A recession isn’t on the horizon, thanks to factors like consumer spending, PNC Chief Economist Gus Faucher predicts. The U.S., though, may see slower growth in 2020 thanks to Boeing’s production halt of the 737 MAX airliner, a dragging global economy and uncertainty surrounding trade.

“There’s no reason that the current expansion shouldn’t last through the rest of this year,” he said at a Feb 25 event on the state of the Pittsburgh economy, hosted by the University of Pittsburgh’s Institute for Entrepreneurial Excellence.

The X factor, however, could be an external shock like the coronavirus.

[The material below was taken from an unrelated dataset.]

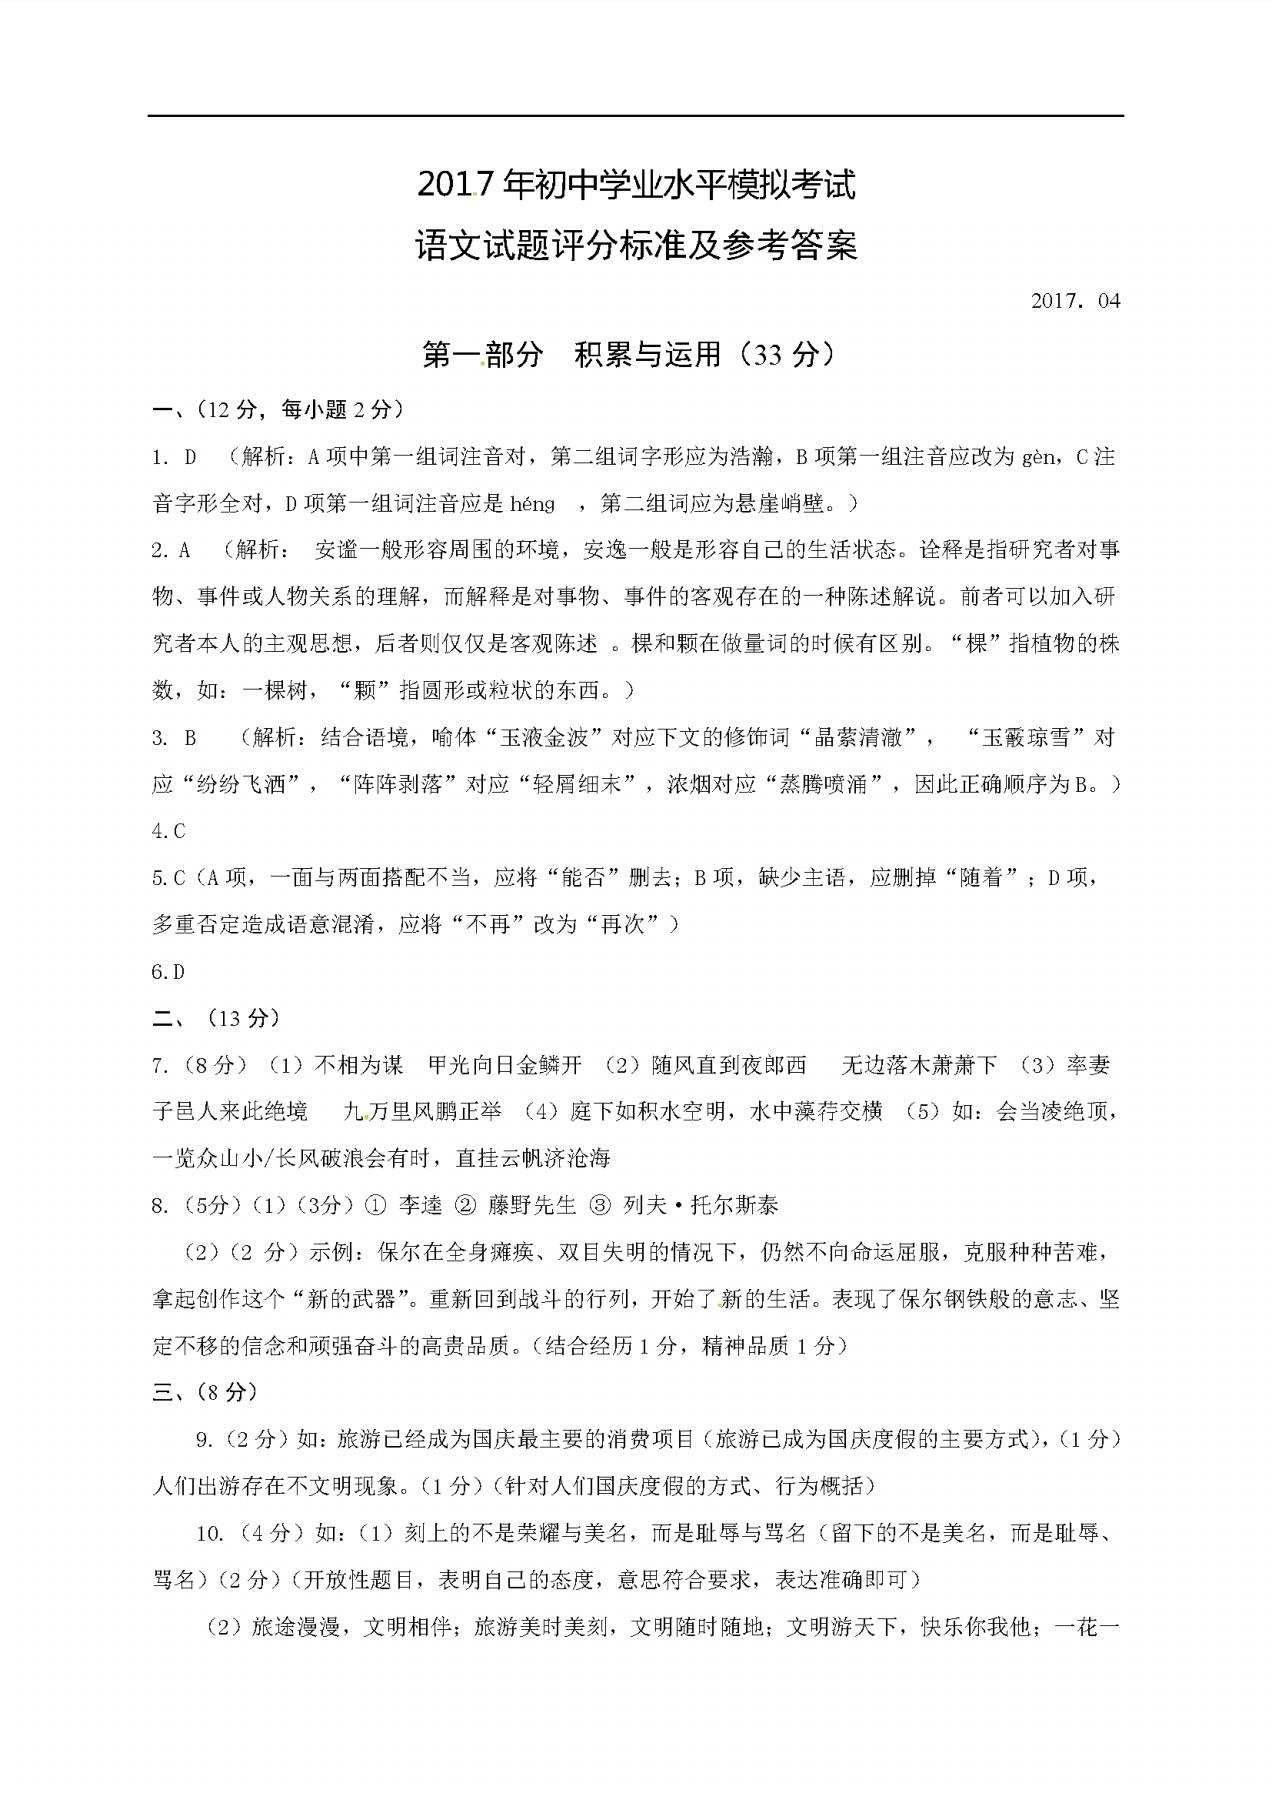 山东寿光世纪学校2017九年级4月月考模拟语文试题答案(Word版)
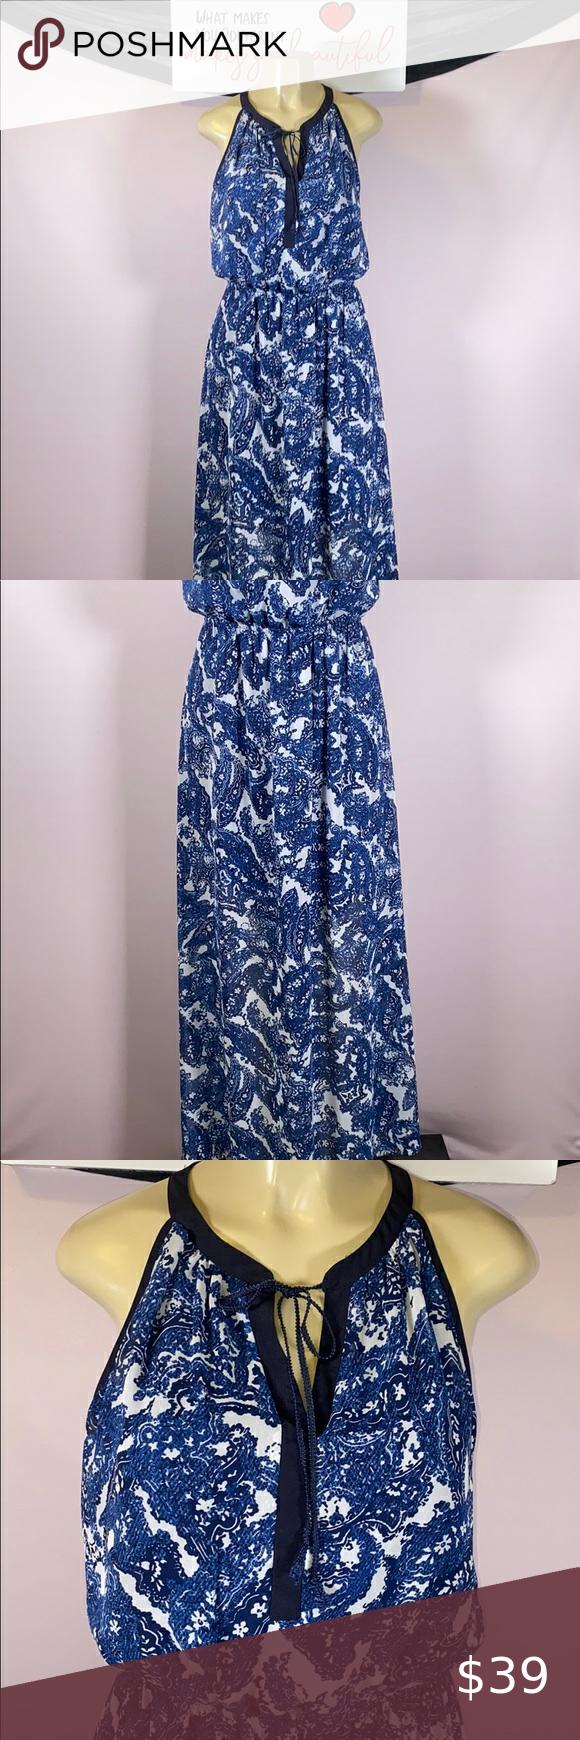 Vince Camuto Maxi Dress Size 8 Dresses Maxi Dress Clothes Design [ 1740 x 580 Pixel ]

Recessions are generally caused by economic imbalances, and the underlying domestic fundamentals for the U.S. economy look solid. So the current economic expansion — now the longest in U.S. history — should persist through 2020 and 2021. When asked to give odds on an immanent recession, Faucher put his probability at one in three.

Getting the picture

The U.S. economy has a lot of positives. The stock market is generally solid. The housing market is well balanced, and builders are putting up fewer houses than they’d like with the tight labor market.

Businesses are profitable. Consumers are spending because incomes are up, overall debt is at reasonable levels and the saving rate is higher than it was prior to the Great Recession.

“We have seen a little bit of a drop in confidence over the past couple of years, but it’s still at a very, very high level,” Faucher says.

The impact of the coronavirus may be felt in early 2020, especially in the U.S. supply chain and industries such electronics and manufacturers that use plastics. But overall, the optimism measures for businesses and consumers look good.

Economic growth measures also reflect this. Faucher says the U.S. economy is growing at approximately 2 percent, which is moderate, sustainable growth, and therefore imbalances haven’t had a chance to develop.

In addition, no matter who wins the presidential election, Faucher won’t change PNC’s economic forecast, and there shouldn’t be substantive changes in the fiscal policy in the near term. Who is elected may impact the stock market, though.

Despite the positive overall overlook and overall job growth, one area that isn’t doing so well is manufacturing and industrial, Faucher says. States like Pennsylvania, despite a diverse economy, may see lower growth because of problems with low energy prices and a softer manufacturing sector, he says. A lack of labor force growth also continues to be a concern for the Pittsburgh metro area.

A month ago, Faucher would have predicted a rebound in manufacturing activity, but now he expects a continued contraction in 2020, even as activity picks up in the second half of the year.

Investors on the hunt for yield

Business investment, adjusted for inflation, slightly declined over the past three quarters, and the decrease is primarily in structure and equipment. Faucher says that’s partially related to the problems at Boeing and the downturn in energy prices, but a lot of it is due to slower global economic growth and the uncertainty surrounding the trade situation with China.

“Business investment will be soft in early 2020, but that’s a smaller piece of the economy than consumer spending,” Faucher says. “And so, even if we do see further contraction in business investment, the overall U.S. economy can continue to expand.”

Corporate debt is steadily rising, but with interest rates low and with no difficult meeting financial obligations, it’s not a concern yet.

One concern is the unregulated parts of the financial system, which is why the Great Recession was so great.

“There were interconnections in the financial system that we didn’t understand,” he says.

While Faucher believes those connections are better understood now and tighter financial market regulation has created a healthier environment, not everything is regulated.

“There are still — and we talk about this in the banking industry all the time — lots of pockets out there of lending, of financial intermediation that are not subject to regulation that we don’t even have good data on. I think those pockets are growing over time, and I am concerned about their potential impact on the financial system.”

Take private equity, for example. Firms buy publicly held companies, run them privately and take on a lot of debt to do so. Some of that debt comes from banks, but in a world of lower interest rates, investors are searching for yield.

“They are taking on greater risk, and a lot of that risk is outside of the regulated financial system,” he says. “We just don’t know where it is, and there’s always the potential that those pockets could develop and that we don’t recognize it until it’s too late.”

Global concerns

Faucher originally expected the global economy, which slowed in 2019, to pick up this year. However, that has changed now that the Chinese economy is expected to contract in the first quarter of 2020.

“The Chinese economy typically grows at around 6 percent year, so to go from 6 percent growth to a contraction all of a sudden, that is going to be a significant drag on global economic growth,” he says, adding that China’s economy makes up about 15 percent of the overall global economy, which is second only to the U.S.

Faucher, however, expects the Chinese government to undertake efforts to stimulate its economy later this year.

Another concern has been an inverted yield curve, where short-term interest rates rise above long-term rates. This historically has been an indicator of a coming recession. The yield curve inverted at the end of 2019, and then inverted again recently.

Faucher says it’s a worrisome signal for the overall global economy, with negative interest rates, low inflation, low energy prices and the coronavirus pushing down long-term interest rates more than the U.S. economy.